Contained in our Beginner Training Schedule is a system for quantifying how much aerobic work you're doing and, especially for those new to multisport, giving one an idea of work equivalency. Race your strength, train your weakness, it is often said. If you're supposed to do as much or more in your weak event as in your strong, how does one know what more work is?
Over the years I've developed a system of points equivalency, and it works thusly:
1 mile cycling = 1 point
1/4 mile running = 1 points
100 meters swimming = 1 point
So, a balanced week might consist of 25 miles running, 100 miles on the bike and 10,000m in the pool. This shouldn't infer that a balanced week is better than an unbalanced one, only that, over a period of time, if you're consistently racking up more points in one event than another, your training favors that event.
This might not be a bad thing. If you've come to triathlon from swimming, you might rightly perceive that any lack of success you might have as a triathlete might be due to a lack of attention to the run. You might need to run 35 or 40 miles per week in order to make fast progress, whereas a pair of 4000m sessions in the pool might be enough to maintain your status quo. In this case, the aerobic work you perform in the pool will only gain you half the points you log running. There's nothing necessarily wrong with that.
As we've been moving through a pair of online "virtual camps" this points system has been employed, and questions arise about how one might modify this system. I haven't modified it in over a decade, however perhaps some changes are in order.
- Elevation: We have a pair of Swedes staying with us as I write this, Jonas Colting and Björn Andersson. The latter has just arrived, but the former has been here a couple of weeks. He's been campaigning for extra credit due to elevation gain. As we discussed this, it appears we both agree on the following: total elevation gain of 300' while running earns an extra point, and 1000' on the bike gains you a point. Yes, these points are hard to earn, however, it's not so much because of any extra difficulty. It's more a result of the extra time these aerobic sessions take. In point of fact, I'd probably be more tired after a 2-hour flat run than a 2-hour hill run, but if I flattened out hte 2-hour hill run it might only take me 1:30 or 1:40.
- Strength sessions: I've struggled with this, because these are not aerobic sessions per se. However, they are accretive to one's performance in an aerobic activity, especially an endurance activity that also requires a lot of strength. Therefore, I would probably lean against giving points for weight workouts if I was simply considering a pure runner. However, weights are especially helpful for the bike and the swim. So, I'm giving 1 point for every 5 minutes spent in the weight room, but you've got to spend at least 20 minutes in a session to rack up any points. A one-hour session would give you 12 points, but that assumes very little lollygagging. These points assume a hard-core weight session.
- Intensity: If one gives extra credit for elevation gain, why not for sessions engaged at a higher intensity? This is an aerobic points system, designed to give you an idea how much bulk you're doing during a building phase. If you want to engage in higher-intensity workouts, fine, however you'll probably find that your overall point totals will decrease. That's an eventuality when you engage in speedwork.

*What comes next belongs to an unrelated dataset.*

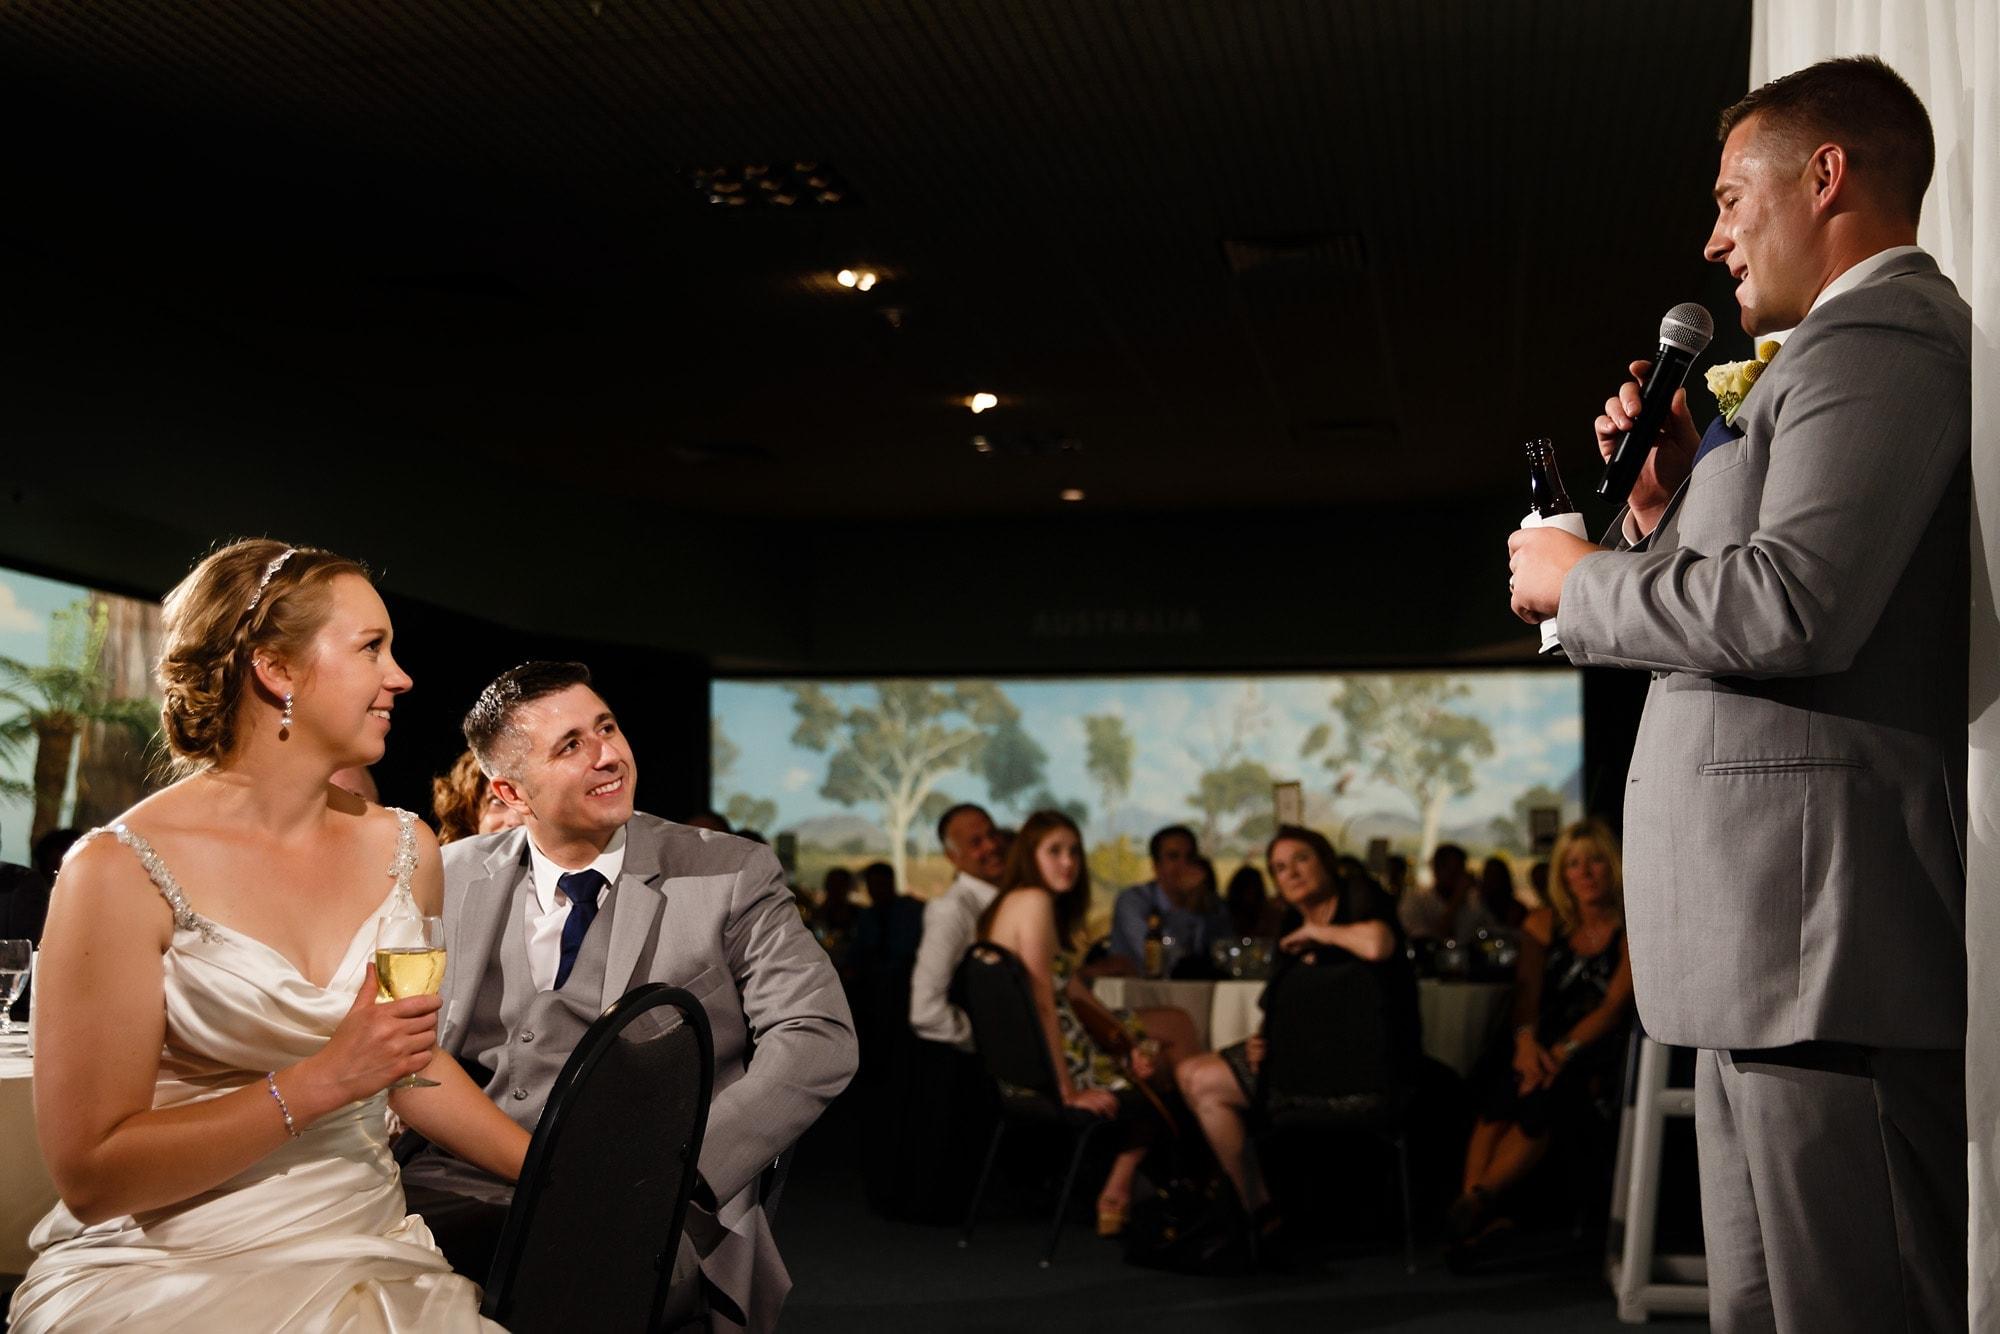 A groomsman shares a speech during dinner

- Yoga, etc.: No, can't do it. Yes, you're right in arguing that yoga, or stretching, is just as accretive to performance as is a weight session. I'm not saying yoga isn't important. But if I give points for yoga, why not for massage? Or sleep? Or a good diet? At some point one has to draw the line or a system like this becomes meaningless.
Having established that, perhaps there is room for an overall training index, where not only aerobic work is quantified, but also other health factors. Perhaps points are added for every hour of sleep above 7 hours a night, and subtracted for hours less than that. Likewise, points are given for diet, therapies, and so forth. Perhaps you'll read about that in future Slowtwitch pages.